Material shown: Begin

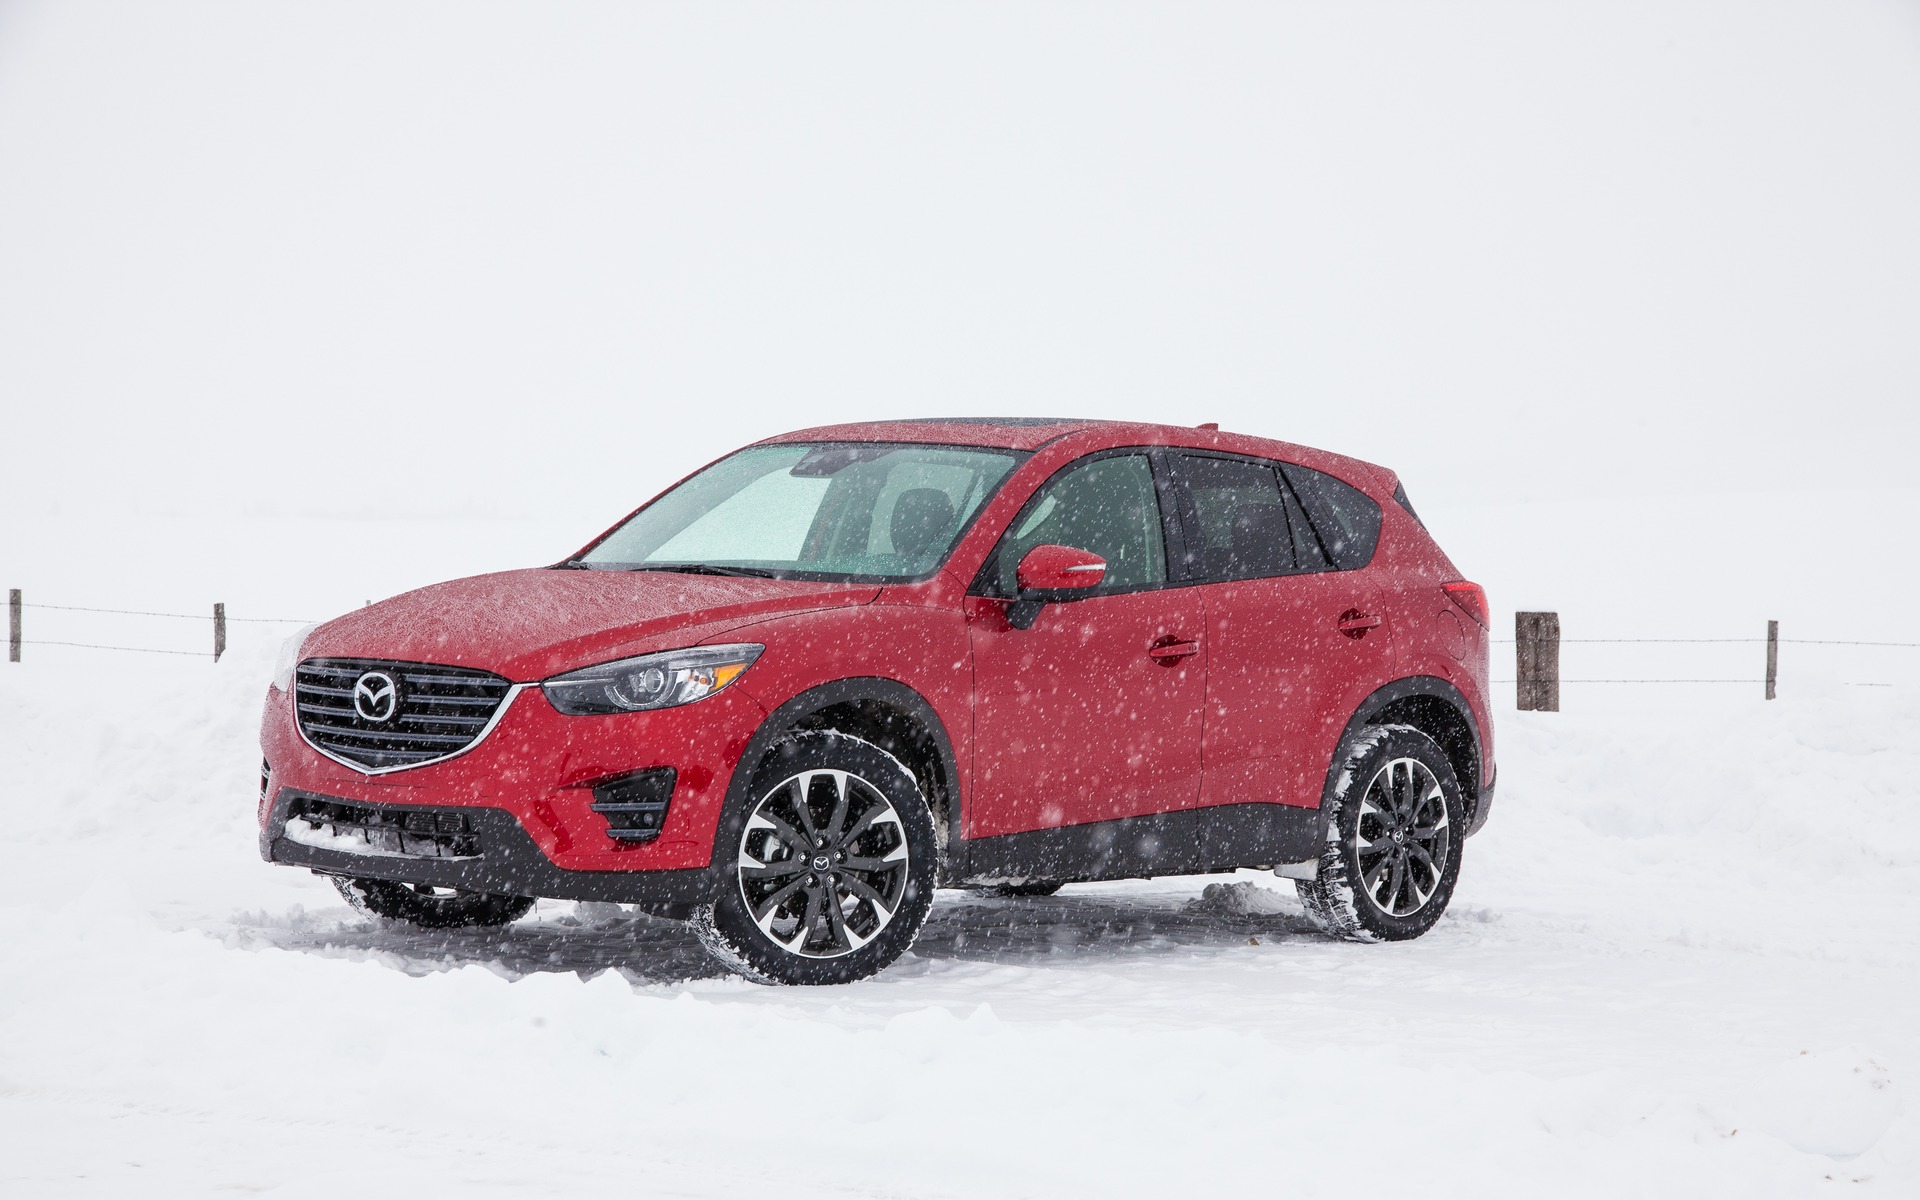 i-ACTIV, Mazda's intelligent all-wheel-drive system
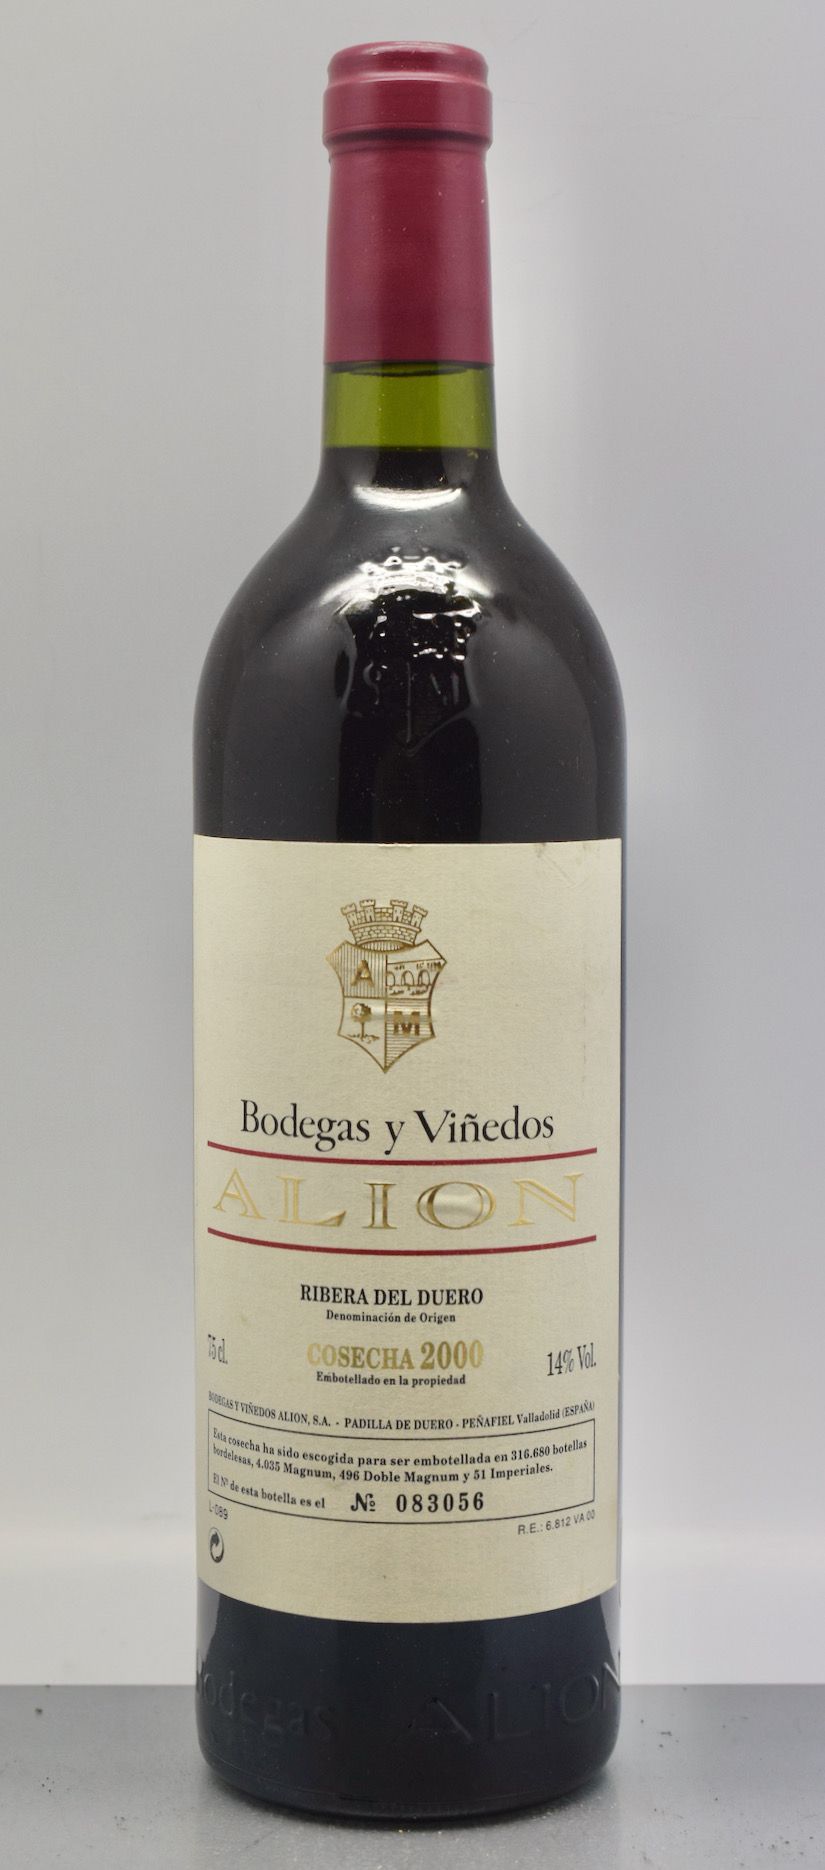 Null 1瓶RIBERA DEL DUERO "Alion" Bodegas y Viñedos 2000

Material shown: End
Material shown: Begin

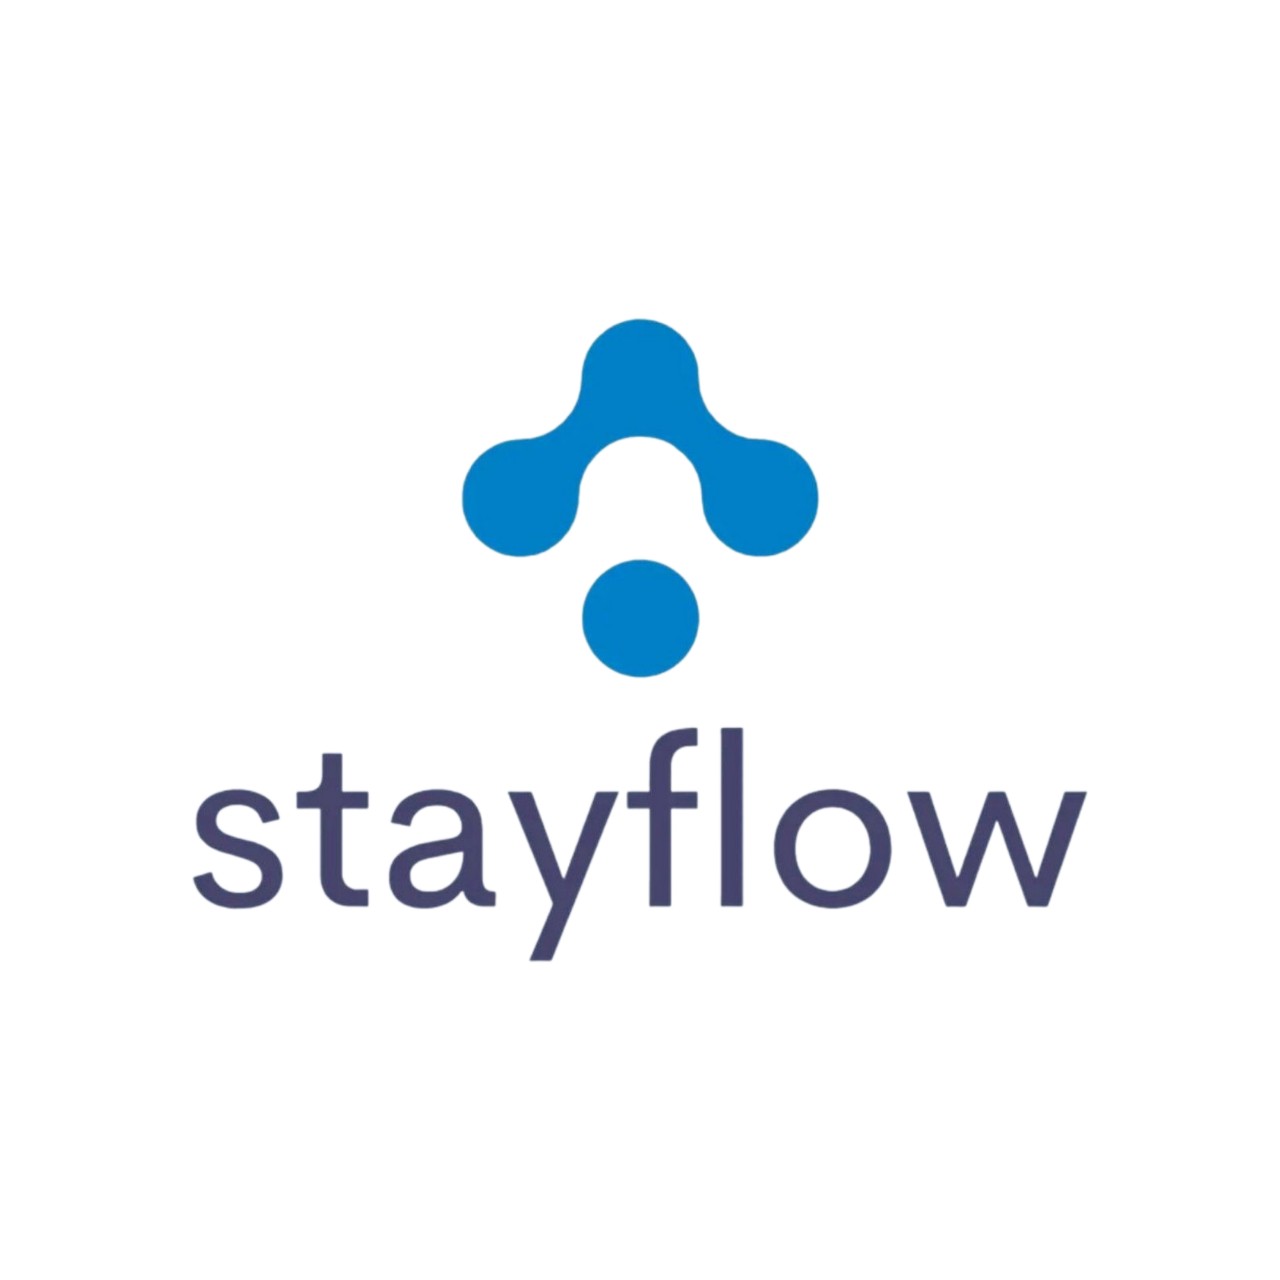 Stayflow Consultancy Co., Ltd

Material shown: End

Required action: Transcribe, from the material above, the stretch starting at the line with "i-ACTIV, Mazda's intelligent" and ending at the line with "Null 1瓶RIBERA DEL", both included, exactly. Do not carry over pictures.

Response area:
 i-ACTIV, Mazda's intelligent all-wheel-drive system
 Null 1瓶RIBERA DEL DUERO "Alion" Bodegas y Viñedos 2000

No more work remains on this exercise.